- Coat of arms
- Coordinates (Klwów): 51°32′N 20°38′E﻿ / ﻿51.533°N 20.633°E
- Country: Poland
- Voivodeship: Masovian
- County: Przysucha
- Seat: Klwów

Area
- • Total: 90.46 km^{2} (34.93 sq mi)

Population (2006)
- • Total: 3,470
- • Density: 38/km^{2} (99/sq mi)

= Gmina Klwów =

Gmina Klwów is a rural gmina (administrative district) in Przysucha County, Masovian Voivodeship, in east-central Poland. Its seat is the village of Klwów, which lies approximately 19 km north of Przysucha and 80 km south of Warsaw.
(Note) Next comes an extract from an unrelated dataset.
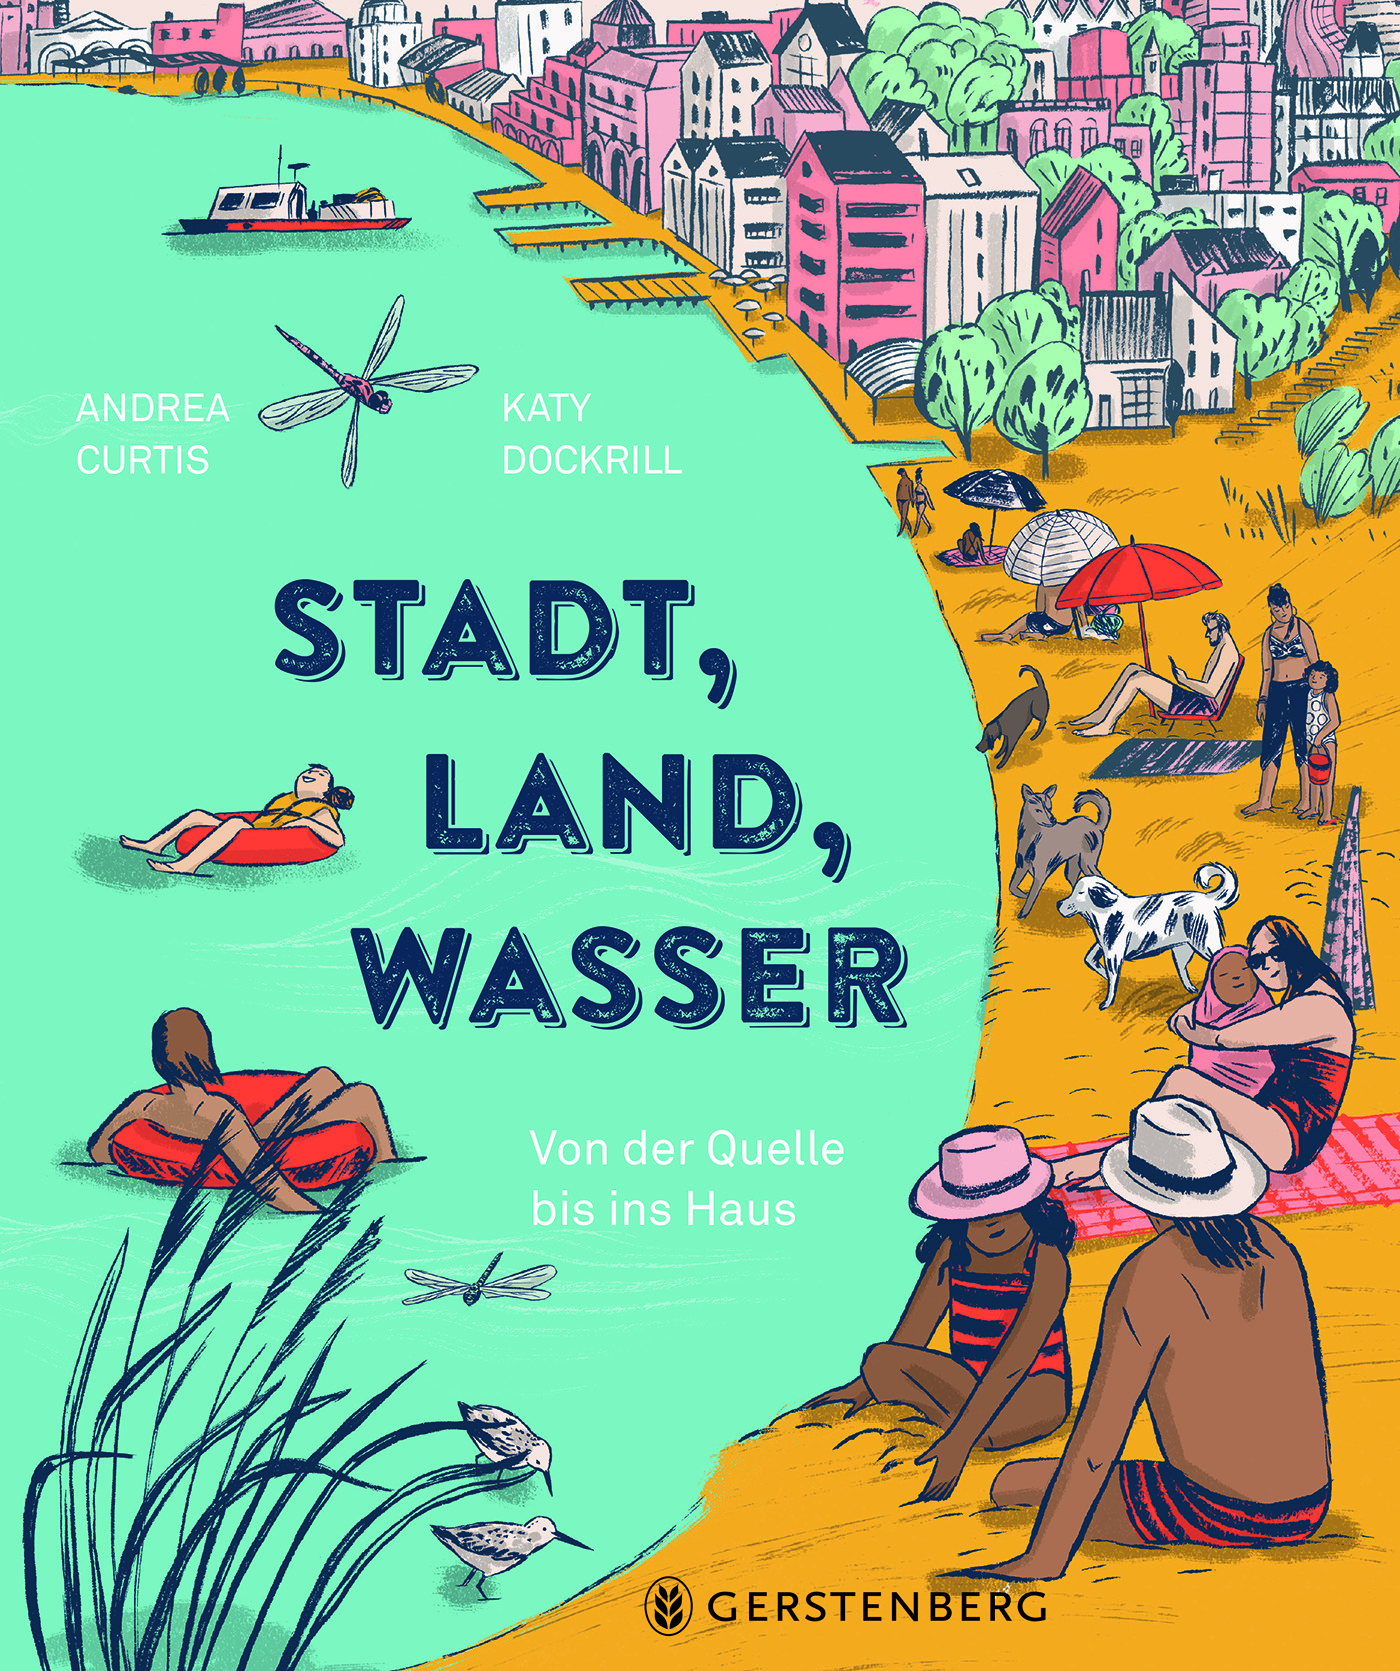 Buchcover "Stadt, Land, Wasser", Gerstenberg 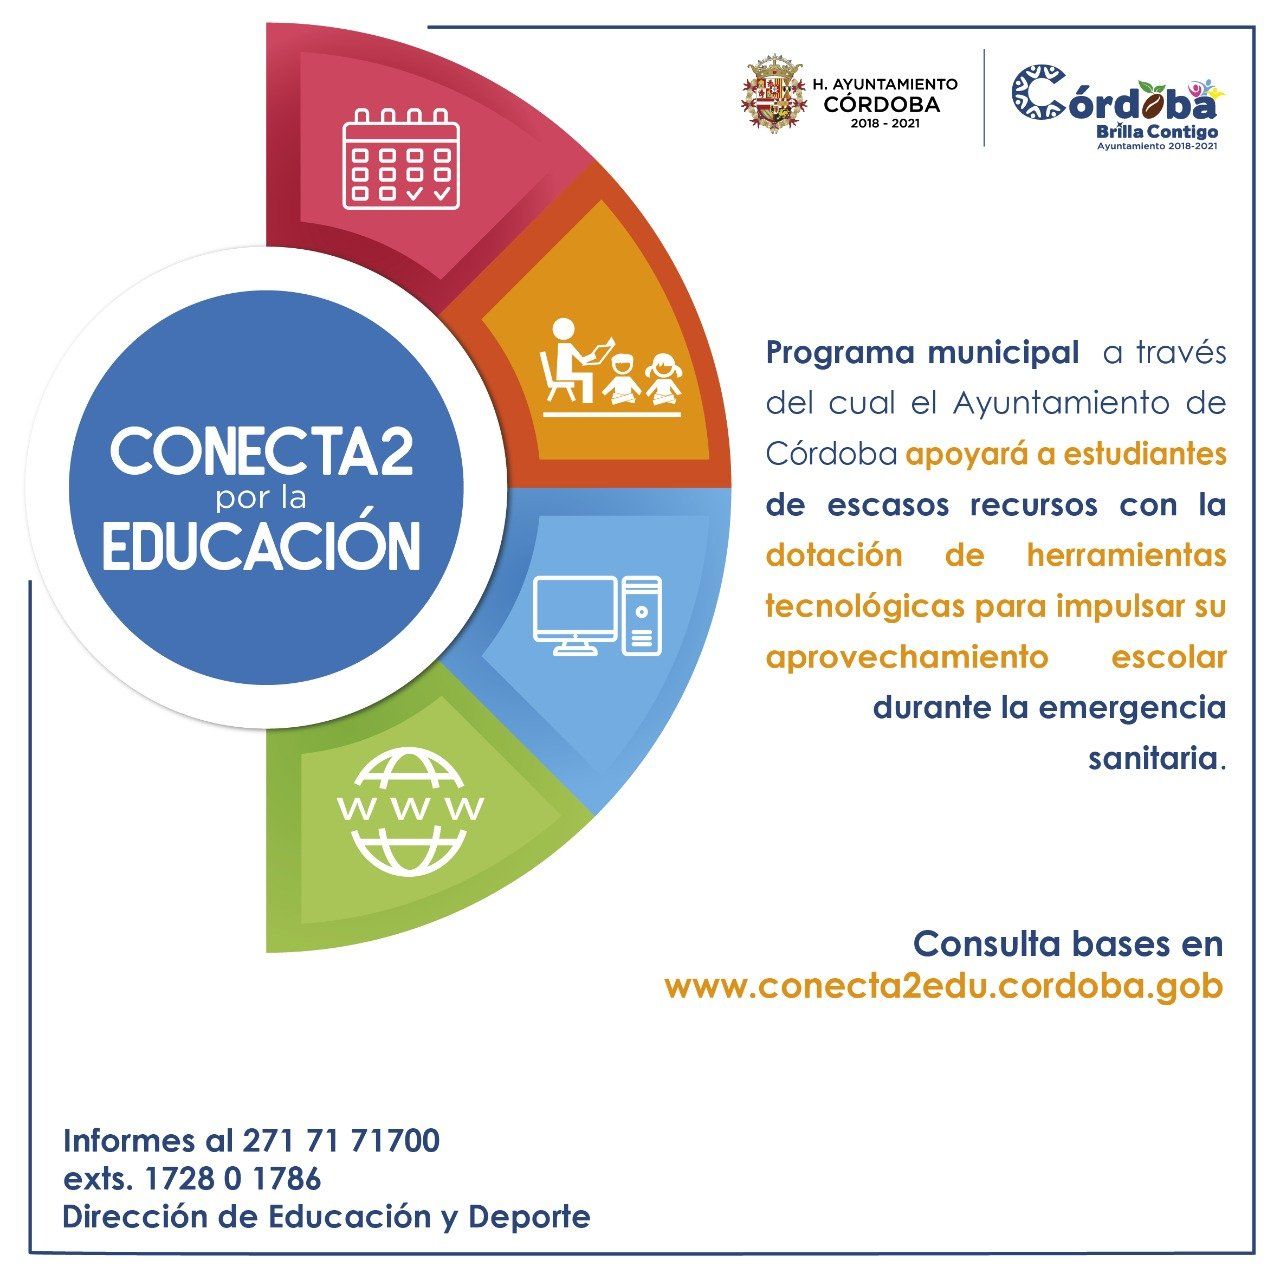 Invita Ayuntamiento de Córdoba a inscribirse a Conecta2 por la Educación para solicitar donación de equipos de cómputo

The gmina covers an area of 90.46 km2, and as of 2006 its total population is 3,470.

==Villages==
Gmina Klwów contains the villages and settlements of Borowa Wola, Brzeski, Drążno, Głuszyna, Kadź, Kłudno, Klwów, Ligęzów, Nowy Świat, Podczasza Wola, Przystałowice Duże, Przystałowice Duże-Kolonia, Sady-Kolonia, Sulgostów, Ulów and Ulów-Kolonia.

==Neighbouring gminas==
Gmina Klwów is bordered by the gminas of Nowe Miasto nad Pilicą, Odrzywół, Potworów, Rusinów and Wyśmierzyce.